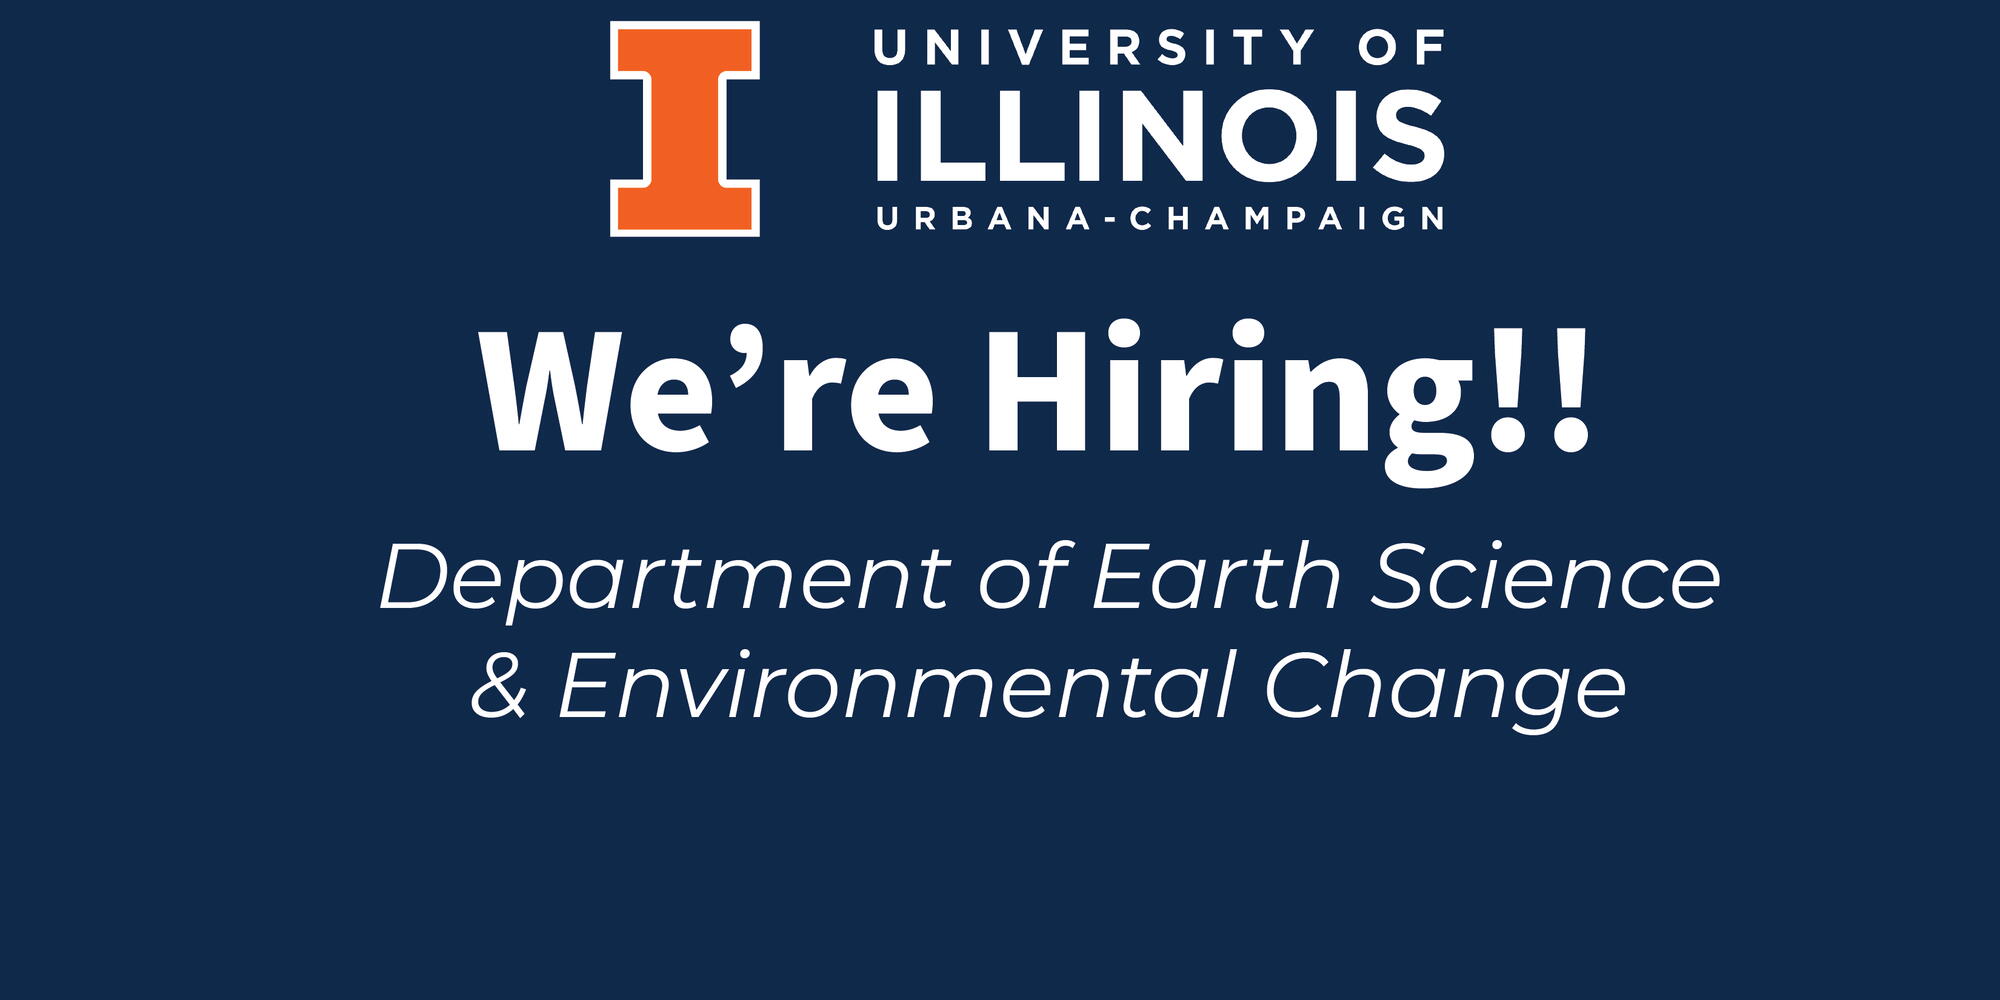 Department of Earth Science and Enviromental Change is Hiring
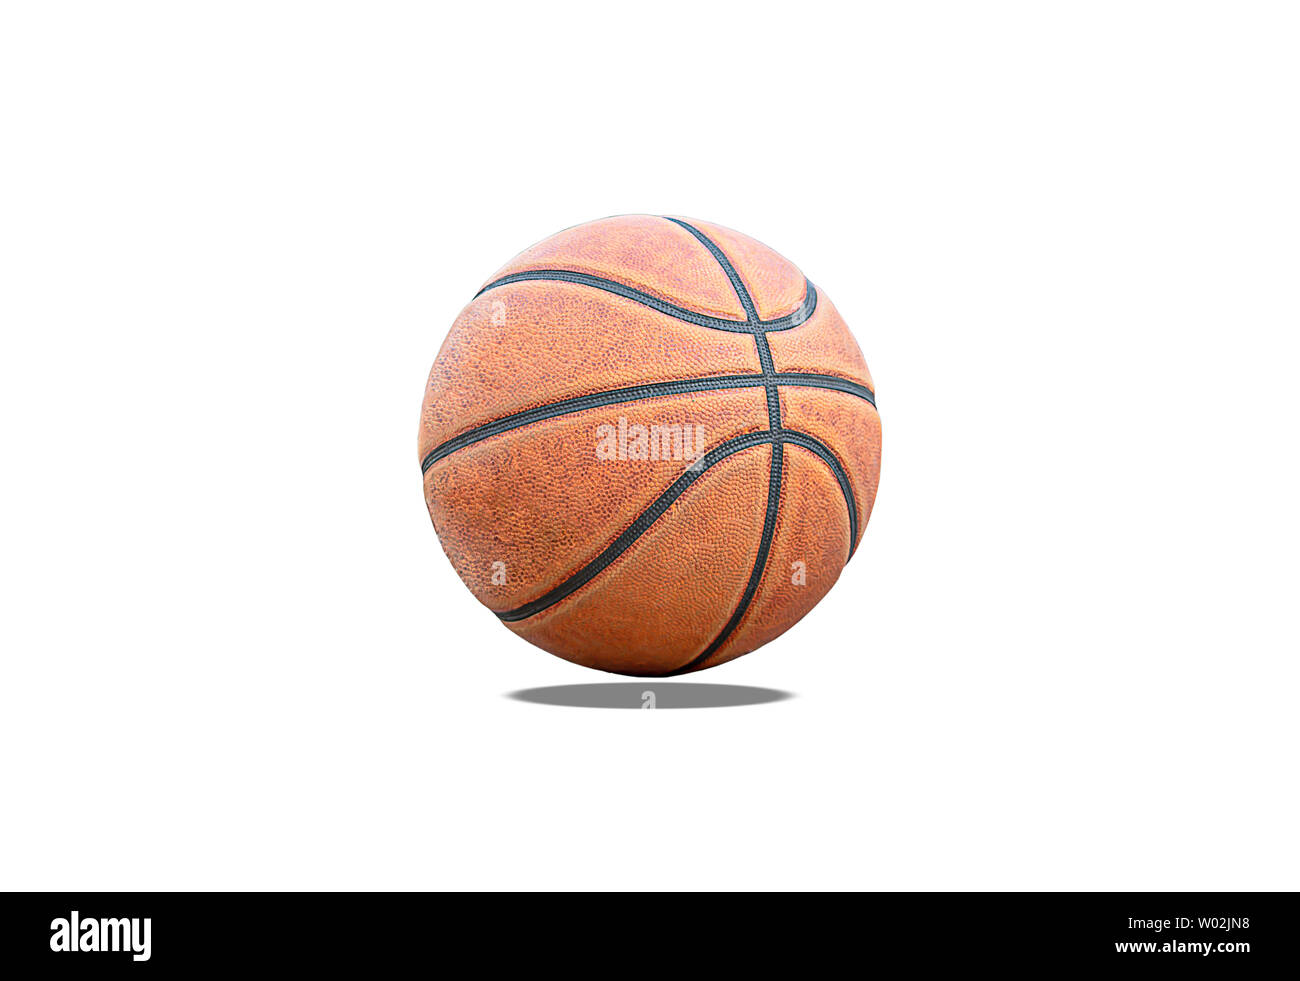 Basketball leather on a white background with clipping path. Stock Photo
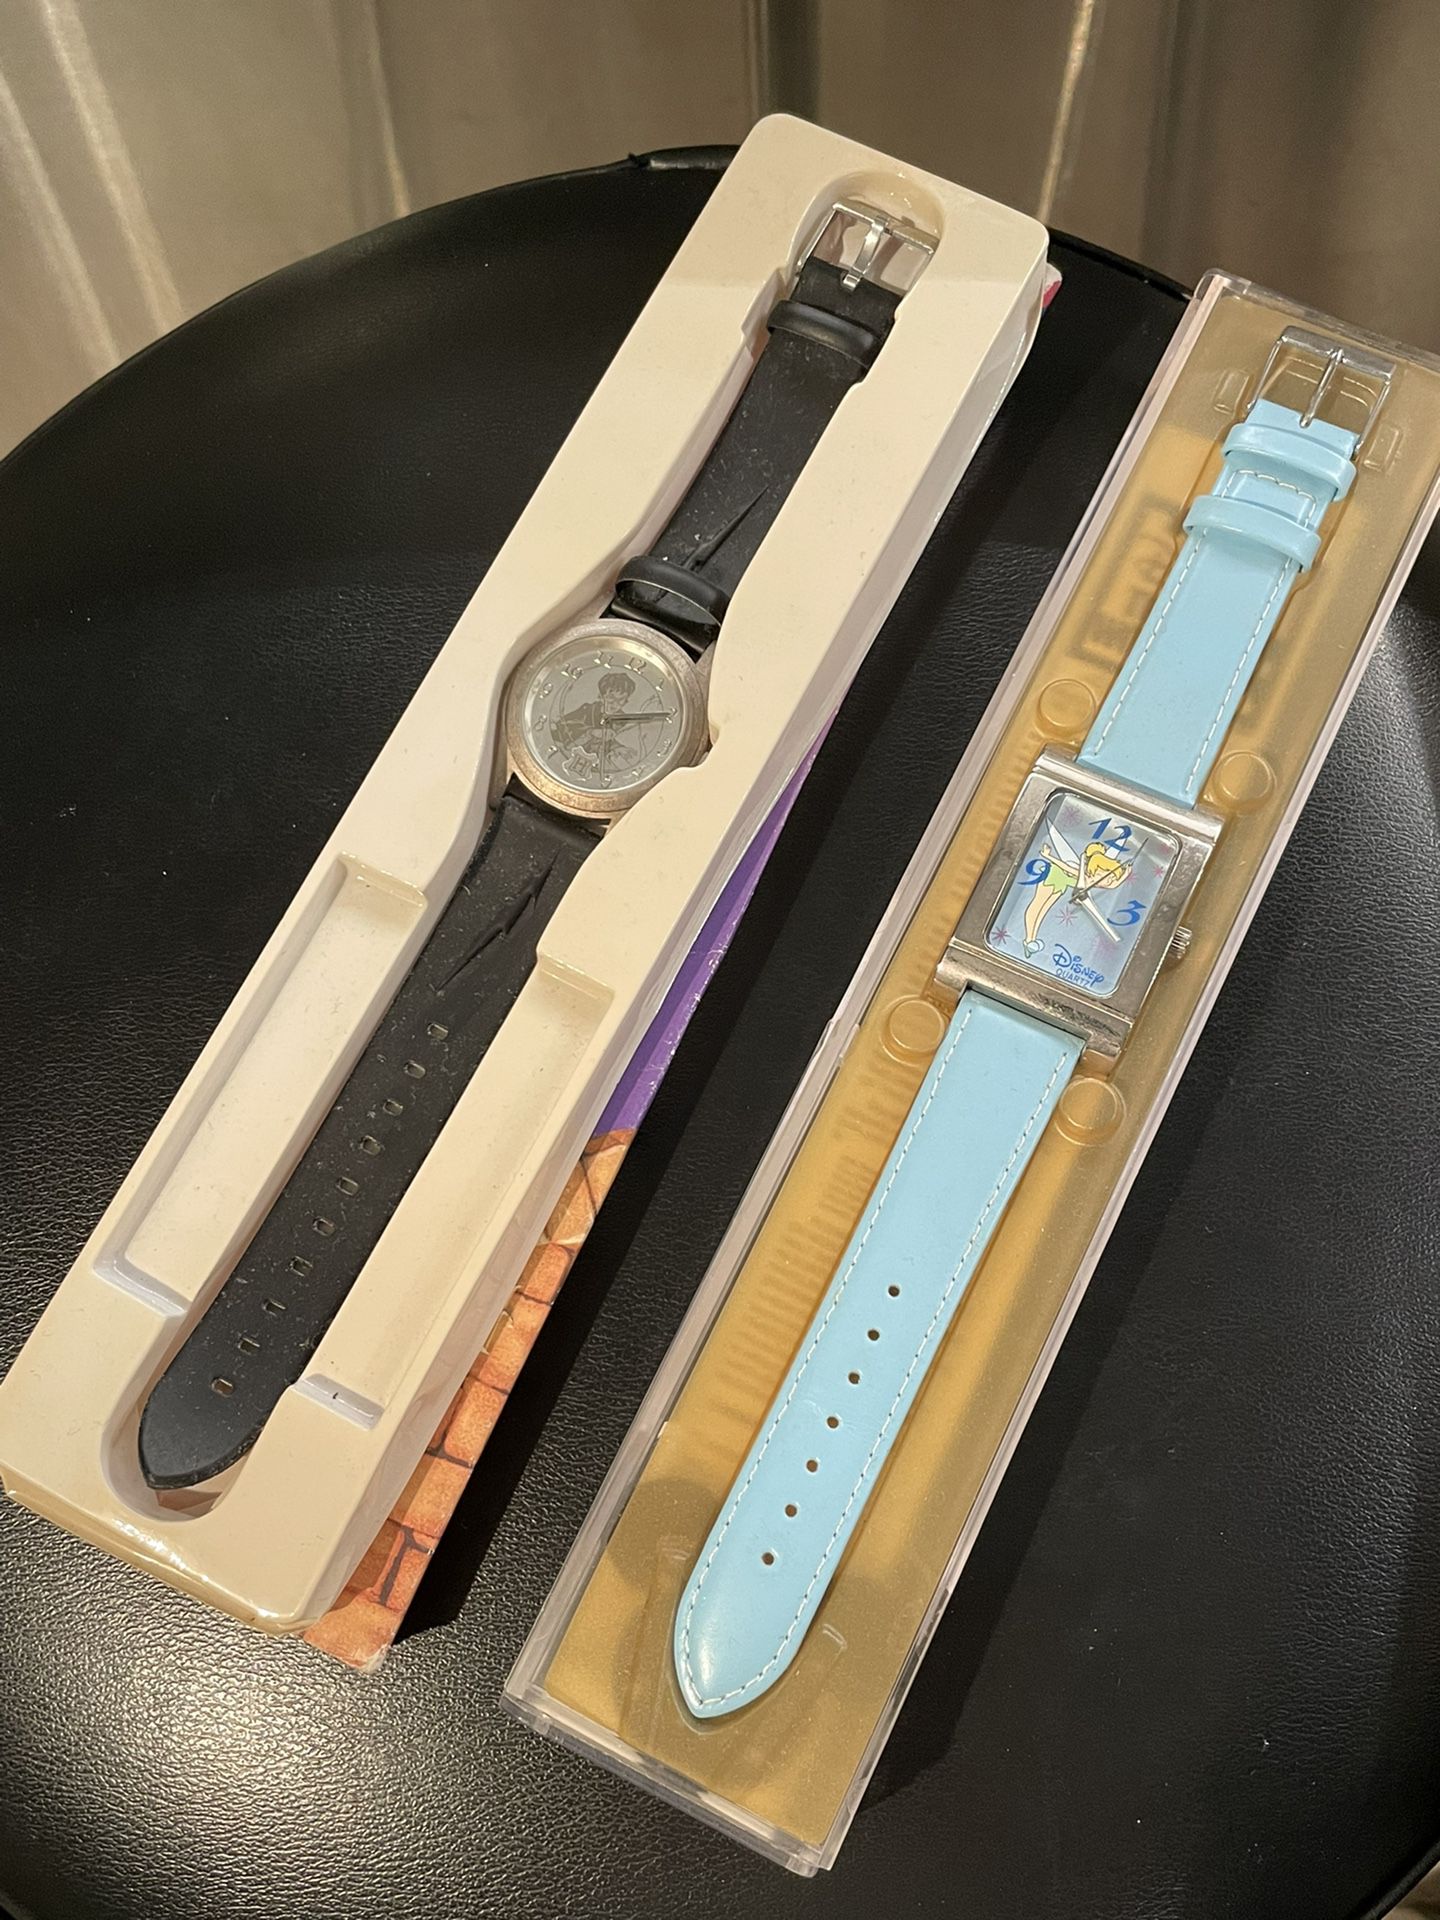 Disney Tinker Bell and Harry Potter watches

_TASK PROMPT_
Restate all of the data word for word and include no pictures.

_RESPONSE TO THE EXERCISE_
 Department of Earth Science and Enviromental Change is Hiring
 Basketball leather on a white background with clipping path. Stock Photo
 Disney Tinker Bell and Harry Potter watches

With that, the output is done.